» **THE PROBLEM**: From the line that contains "Report on Road" down to the last line of the data below, restate every line word for word, skipping any images.

» **RECORDED INFORMATION**:
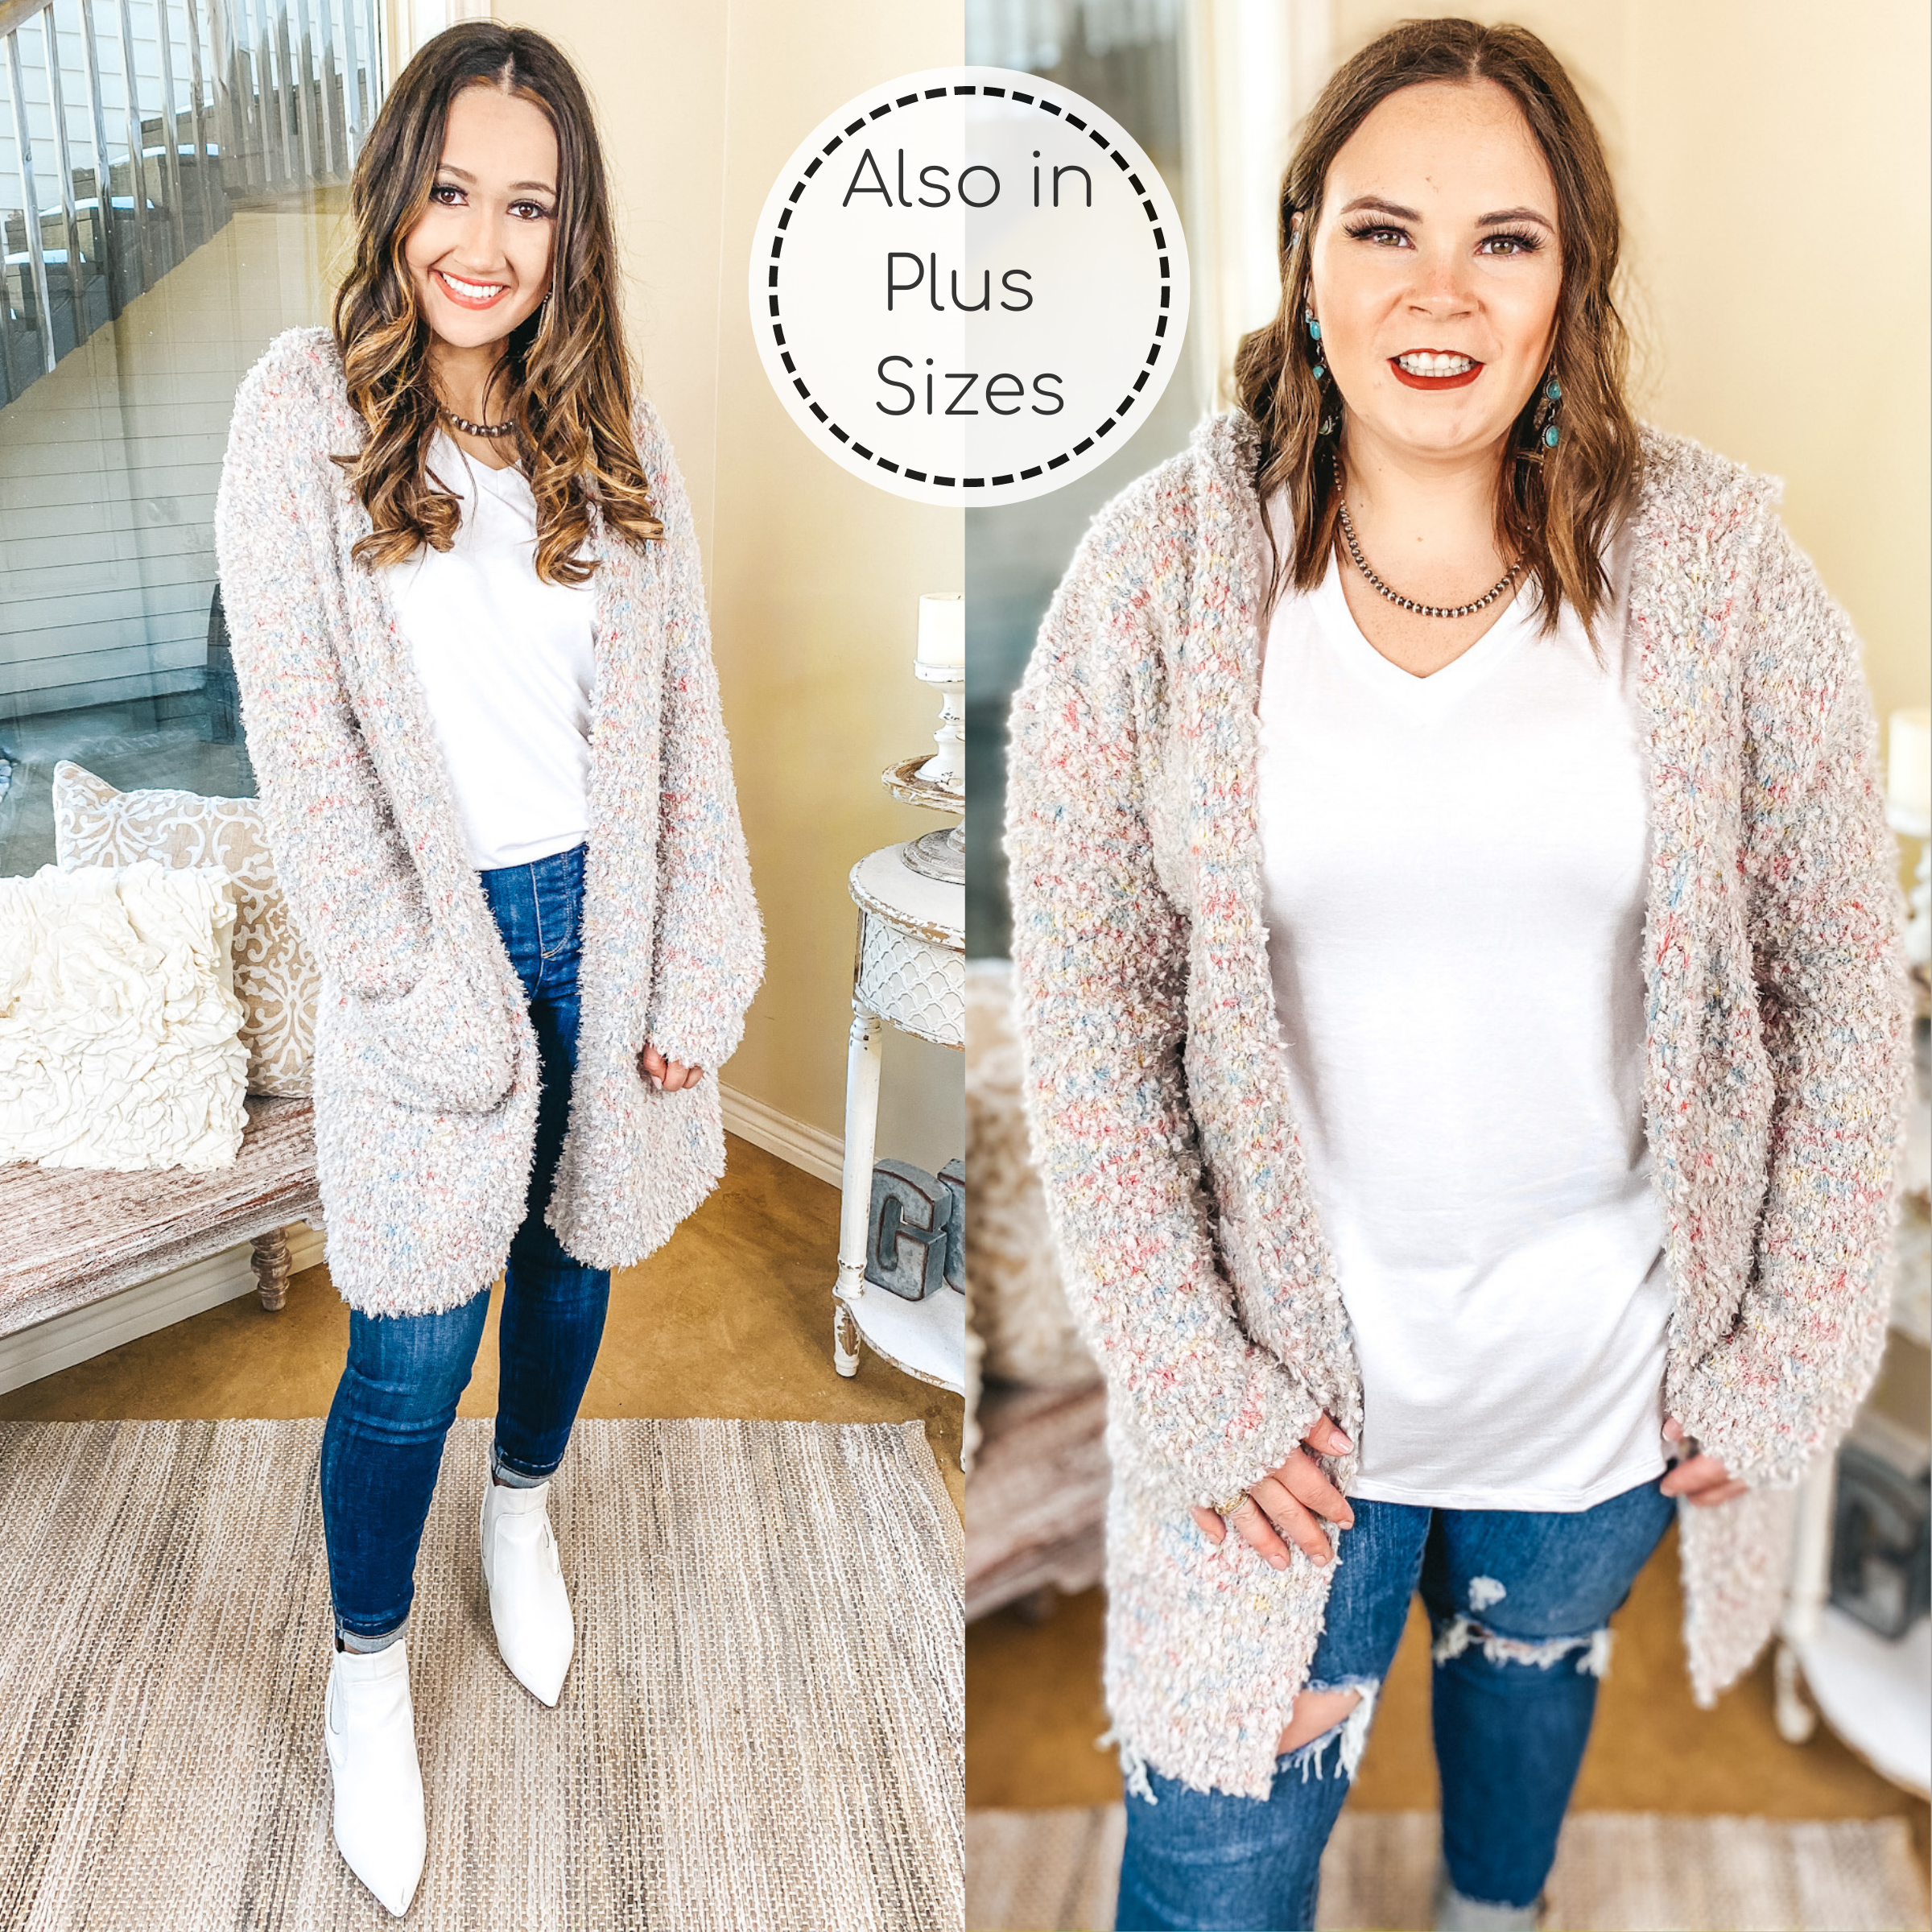 Cotton Candy Dreams Hooded Cardigan with Multi Stitching in Grey - Giddy Up Glamour Boutique
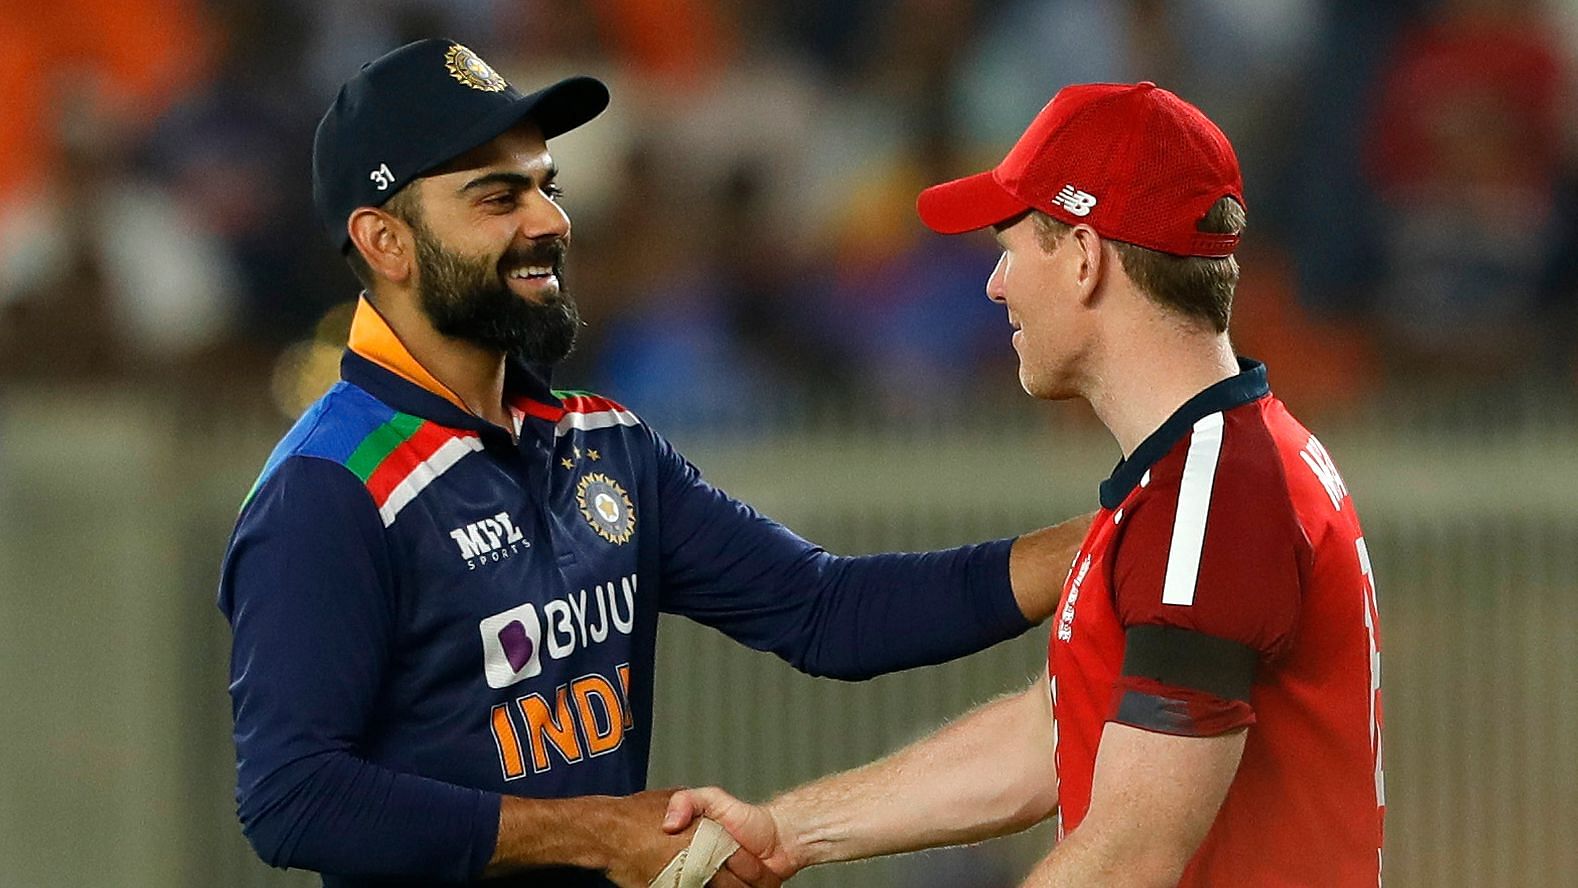 Virat Kohli(Captain) of India and Eoin Morgan (Captain) of England players doing handshakes after the match during the 1st T20 International between India and England held at the Narendra Modi Stadium, Ahmedabad, Gujarat, India on the 12th March 2021
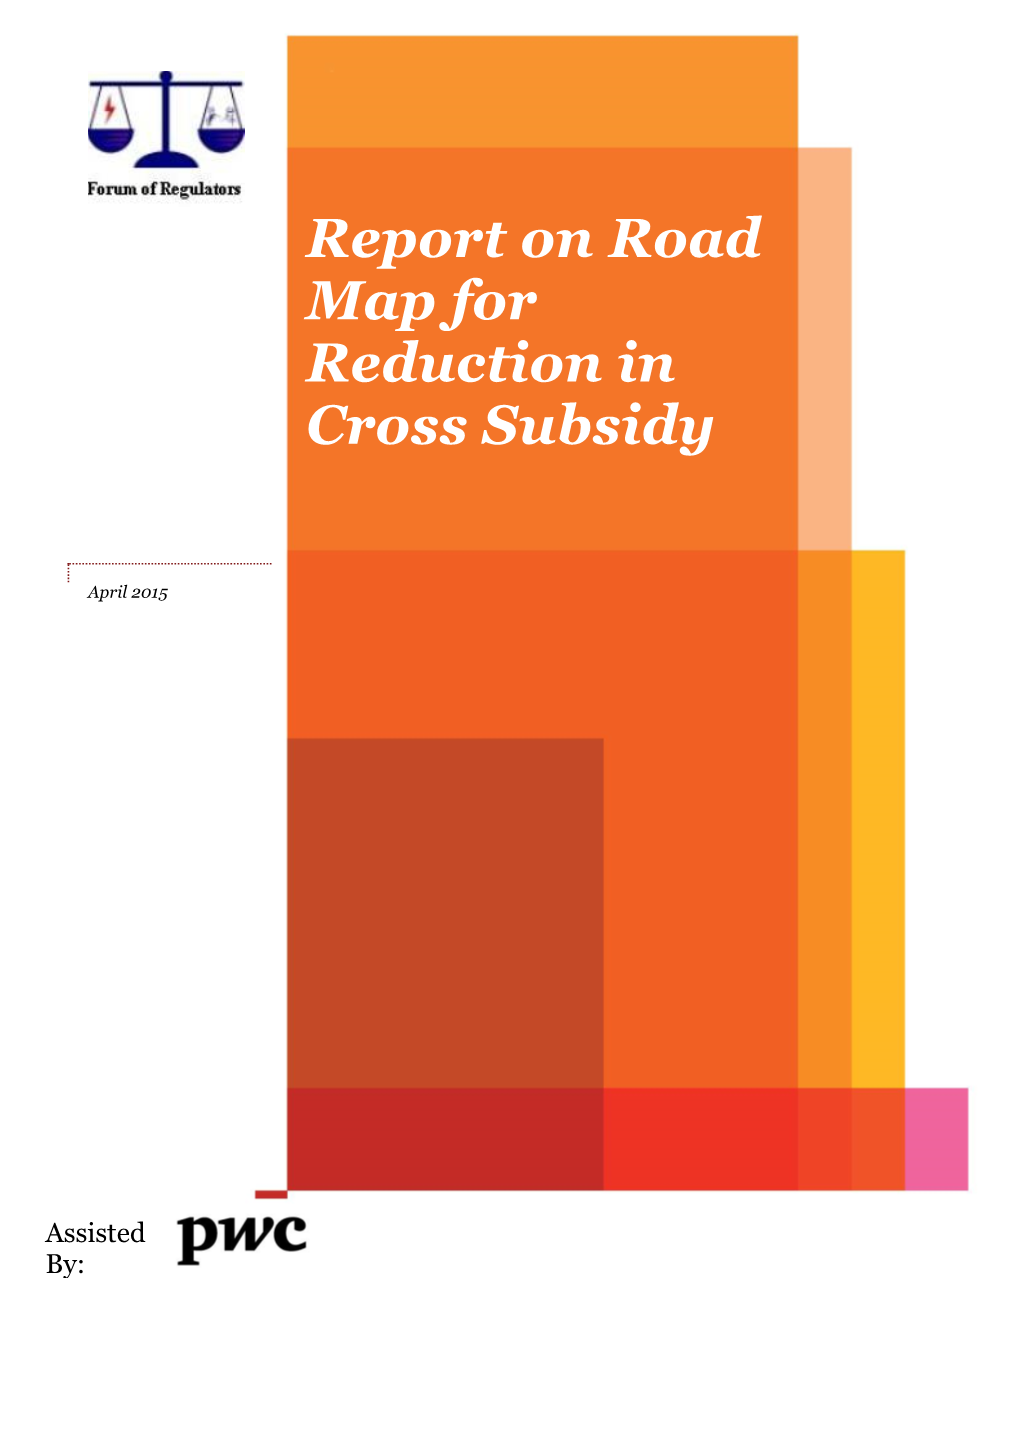 Report on Road Map for Reduction in Cross Subsidy
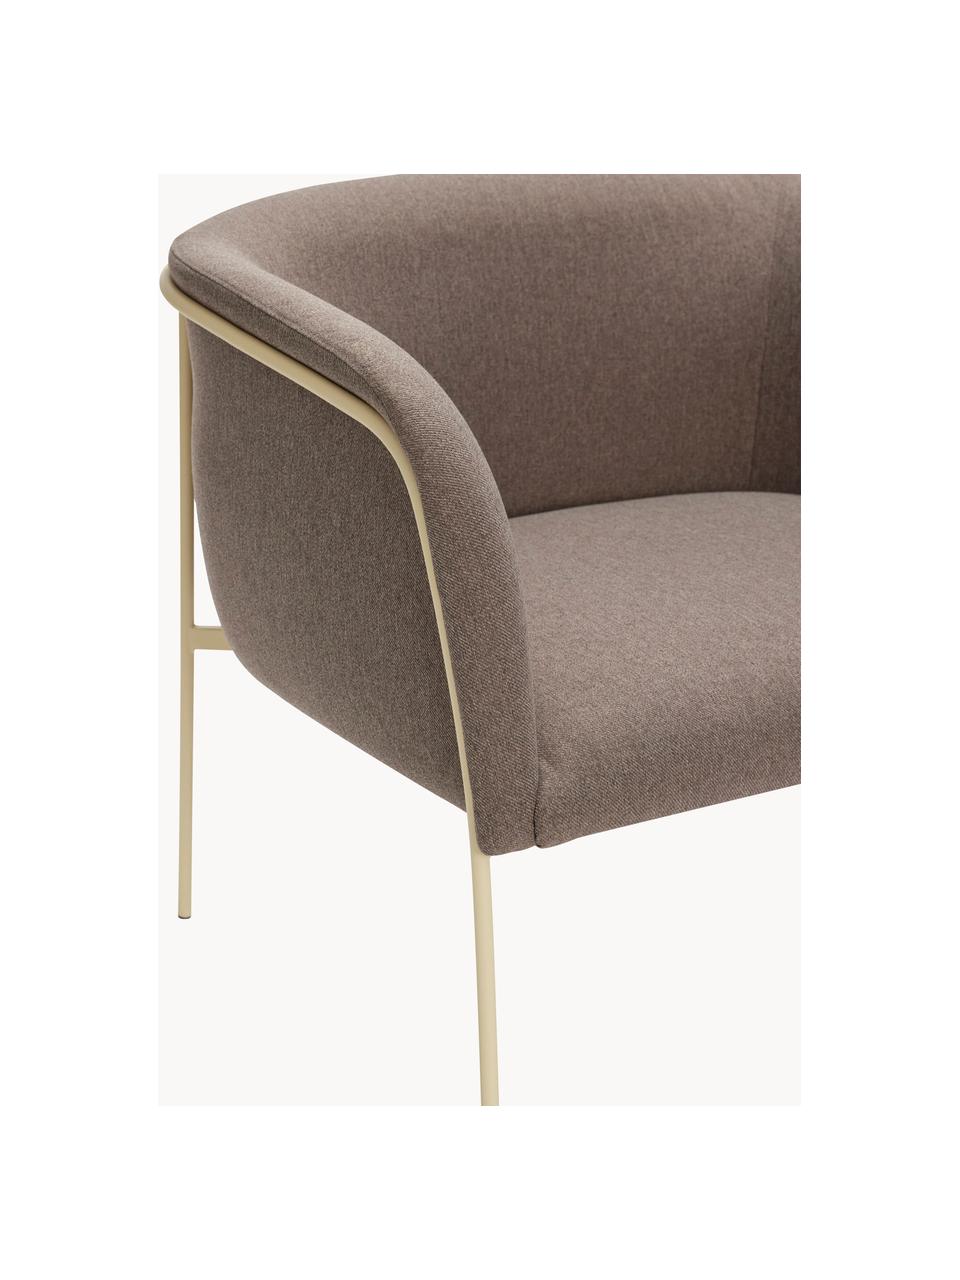 Loungefauteuil Eyrie, Bekleding: 100% polyester Met 40.000, Frame: gecoat staal, Geweven stof taupe, lichtbeige, B 89 x D 58 cm

» **EXERCISE SOLUTION**:
 Report on Road Map for Reduction in Cross Subsidy
 Loungefauteuil Eyrie, Bekleding: 100% polyester Met 40.000, Frame: gecoat staal, Geweven stof taupe, lichtbeige, B 89 x D 58 cm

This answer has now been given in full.